From da13f69cfb8b15922934bc299efc34ecb30aabe8 Mon Sep 17 00:00:00 2001
From: Derek Murray <mrry@google.com>
Date: Tue, 25 Feb 2020 21:16:20 -0800
Subject: [PATCH] [OpKernel] Implement `OpKernelContext::output_required(int)`.

This long-pending feature enables kernels to specialize for the case where not all of their outputs may need to be produced. As an example, this change uses `OpKernelContext::output_required()` in `SparseFillEmptyRowsOp`, which often produces unused outputs for the purpose of backpropagation; using `output_required()` we can save the related allocations in inference workloads.
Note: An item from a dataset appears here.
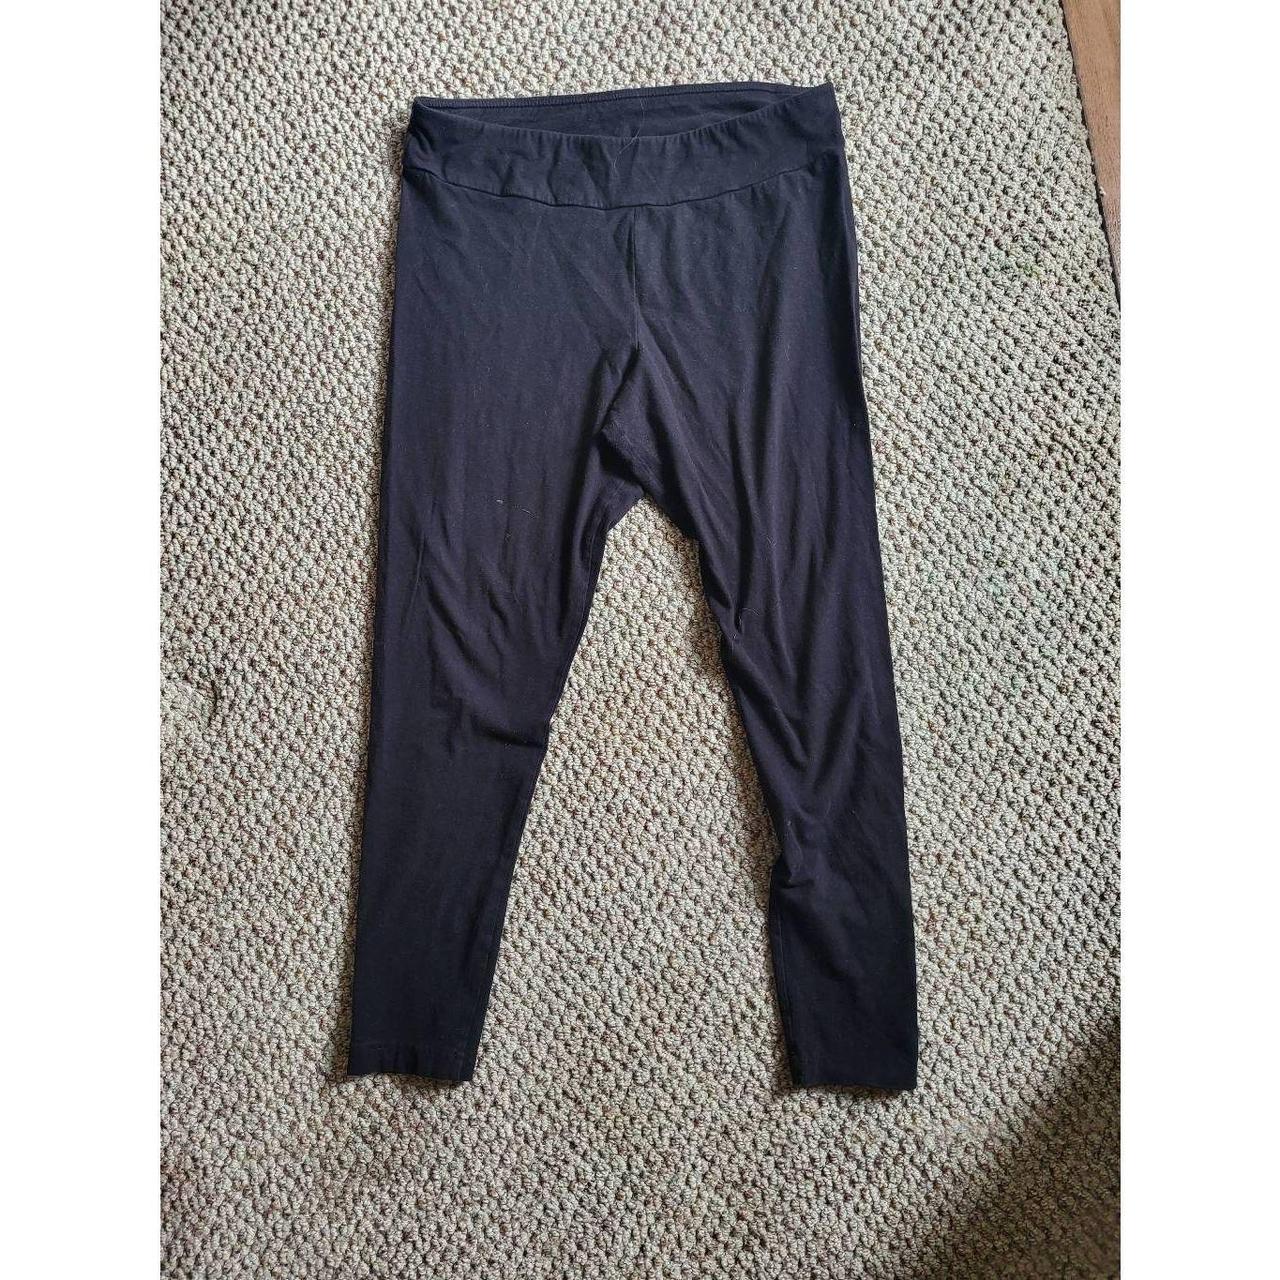 TIME and tru leggings women's size large 12-14

I did consider implementing this as a Grappler rewrite pass, but the example of SparseFillEmptyRowsOp convinced me that (given the present state) a runtime test was better. The rewrite-based alternative would require me to have four similar op registrations for SparseFillEmptyRows (since we now have two optional outputs that may be present or absent, so there are 2^2 possible signatures), and to devise a mapping/registration scheme that the rewriter might use to substitute different implementations. By contrast, the runtime check is (i) pretty cheap compared to op dispatch, and (ii) easy to implement gradually and locally.

PiperOrigin-RevId: 297274989
Change-Id: I23b5207017921ba118bd4fc31dc54ff53fe4332d
---
 tensorflow/core/common_runtime/executor.cc    |  9 ++--
 tensorflow/core/framework/op_kernel.cc        |  6 ++-
 tensorflow/core/framework/op_kernel.h         | 17 +++++--
 .../core/kernels/sparse_fill_empty_rows_op.cc | 44 ++++++++++++-------
 4 files changed, 53 insertions(+), 23 deletions(-)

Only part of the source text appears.